Here are some advantages of using the hexadecimal number system in computer:

- It is very concise and using a base of 16 means that the number of digits used to signify a given number is usually less than in binary or decimal. It allows you to store more information using less space.
- It is fast and simple to convert between hexadecimal numbers and binary.
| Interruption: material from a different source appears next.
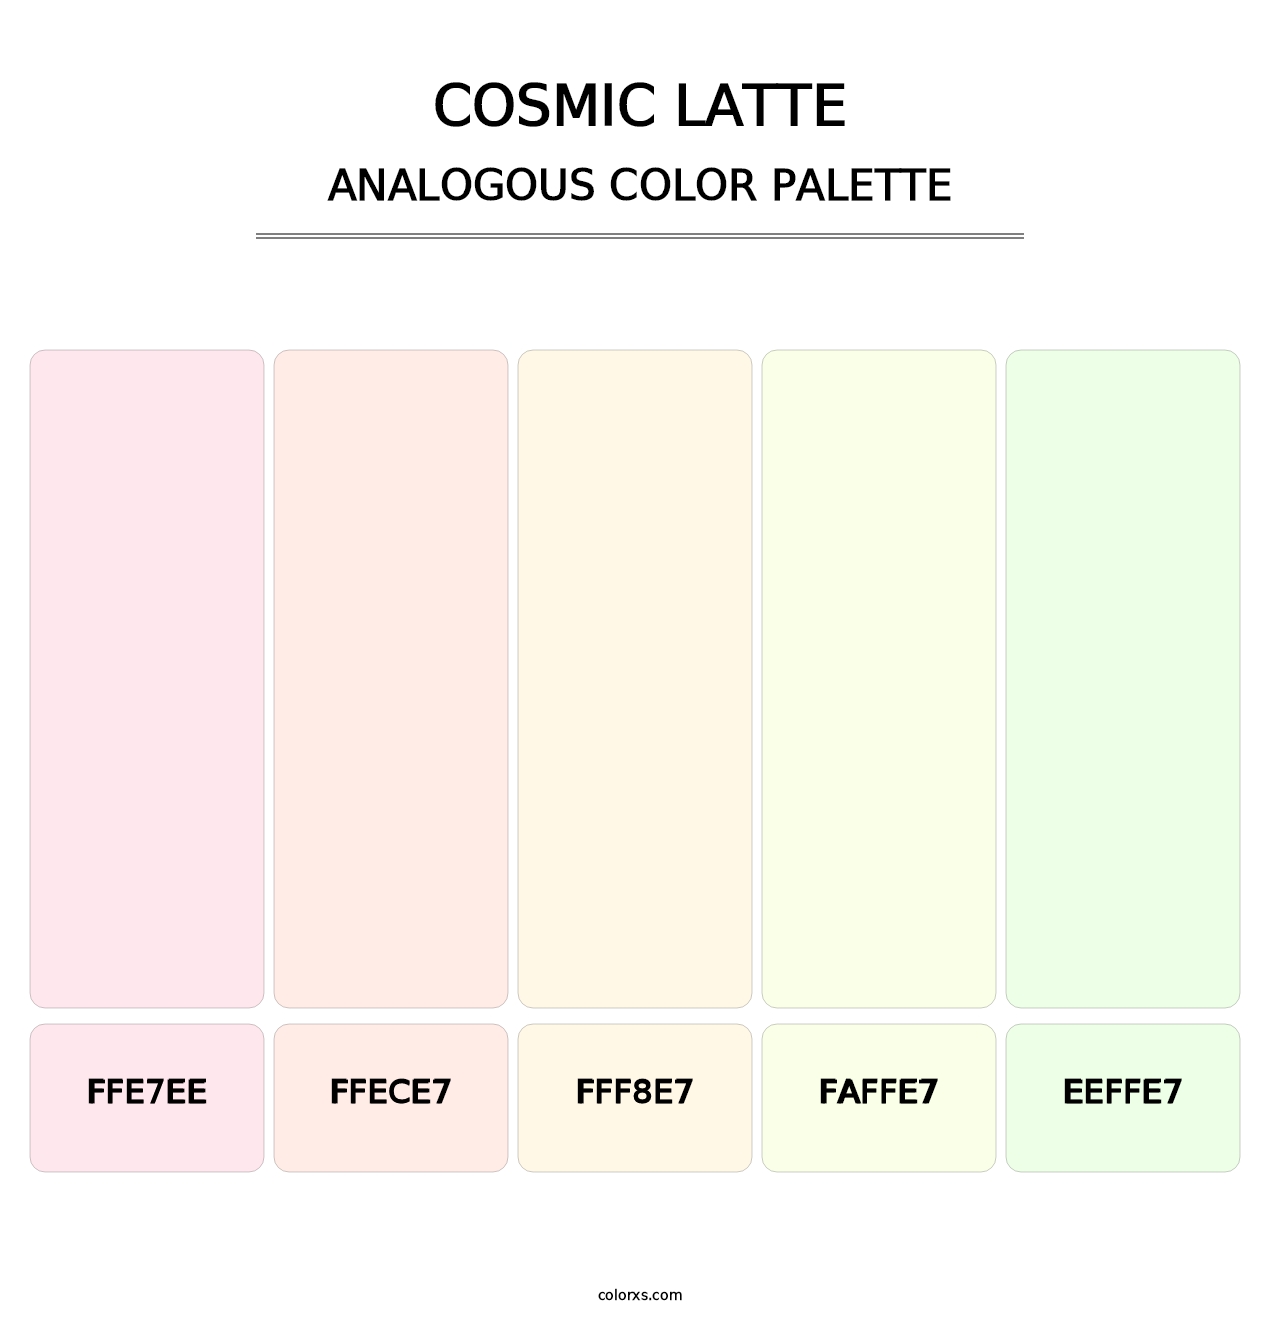 Cosmic Latte - Analogous Color Palette
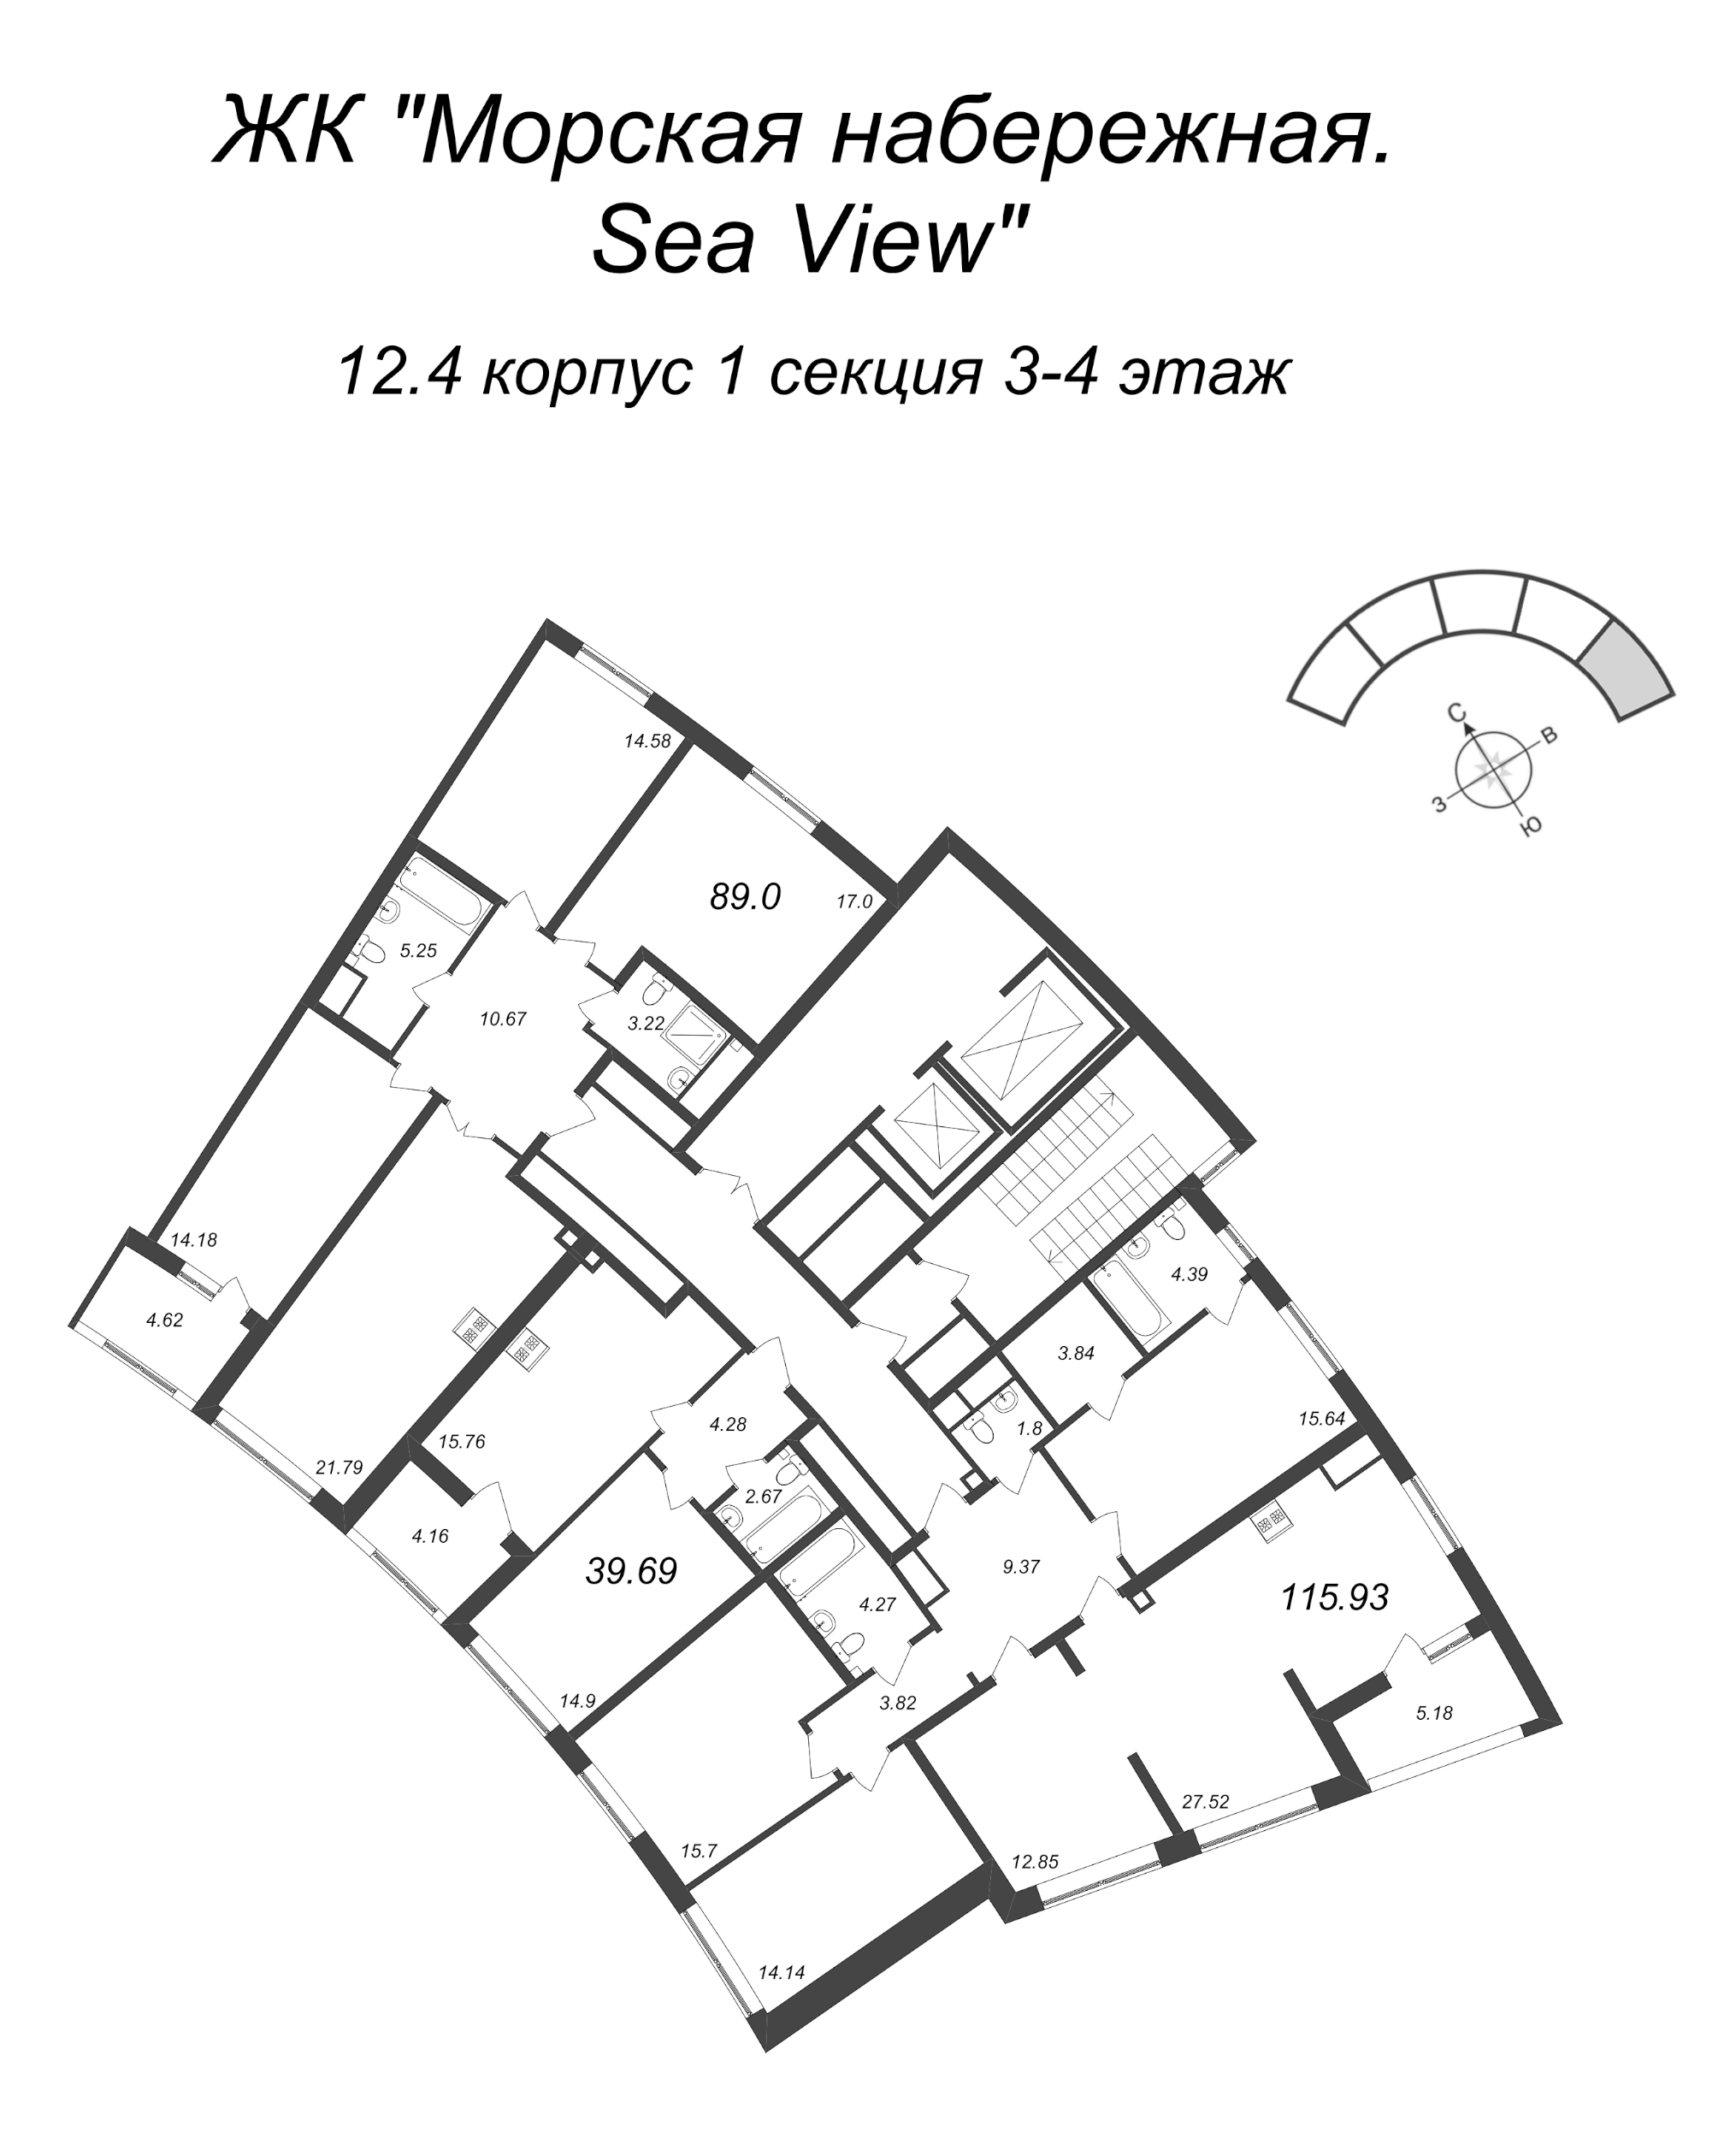 5-комнатная (Евро) квартира, 115.93 м² в ЖК "Морская набережная. SeaView" - планировка этажа

Hexadecimal can be used to write large binary numbers in just a few digits.
- It makes life easier as it allows grouping of binary numbers which makes it easier to read, write and understand. It is more human-friendly, as humans are used to grouping together numbers and things for easier understanding. Also, writing in fewer digits lowers the possibility of an error occurring.

## Uses of hexadecimal Number System in Computer

A hexadecimal number system in computer is often used by programmers to simplify the binary numbering system. Since 16 is equivalent to 2^{4}, there is a linear relationship between the numbers 2 and 16.

This means that one hexadecimal digit is equivalent to four binary digits. Computers use binary numbering systems while humans use hexadecimal numbering systems to shorten binary and make it easier to understand.

Hexadecimal is used in the following:

**To define locations in memory:**Hexadecimals can characterize every byte as two hexadecimal digits only compared to eight digits when using binary.**To define colours on web pages:**Each primary colour – red, green, and blue is characterized by two hexadecimal digits. The format being used is #RRGGBB. RR stands for red, GG stands for green and BB stands for blue.**To represent Media Access Control (MAC) addresses:**MAC addresses consist of 12-digit hexadecimal numbers. The format being used in either MM:MM:MM:SS:SS:SS or MMMM-MMSS-SSSS. The first 6 digits of the MAC address represent the ID of the adapter manufacturer while the last 6 digits represent the serial number of the adapter.**To display error messages:**Hexadecimals are used to define the memory location of the error. This is useful for programmers in finding and fixing errors.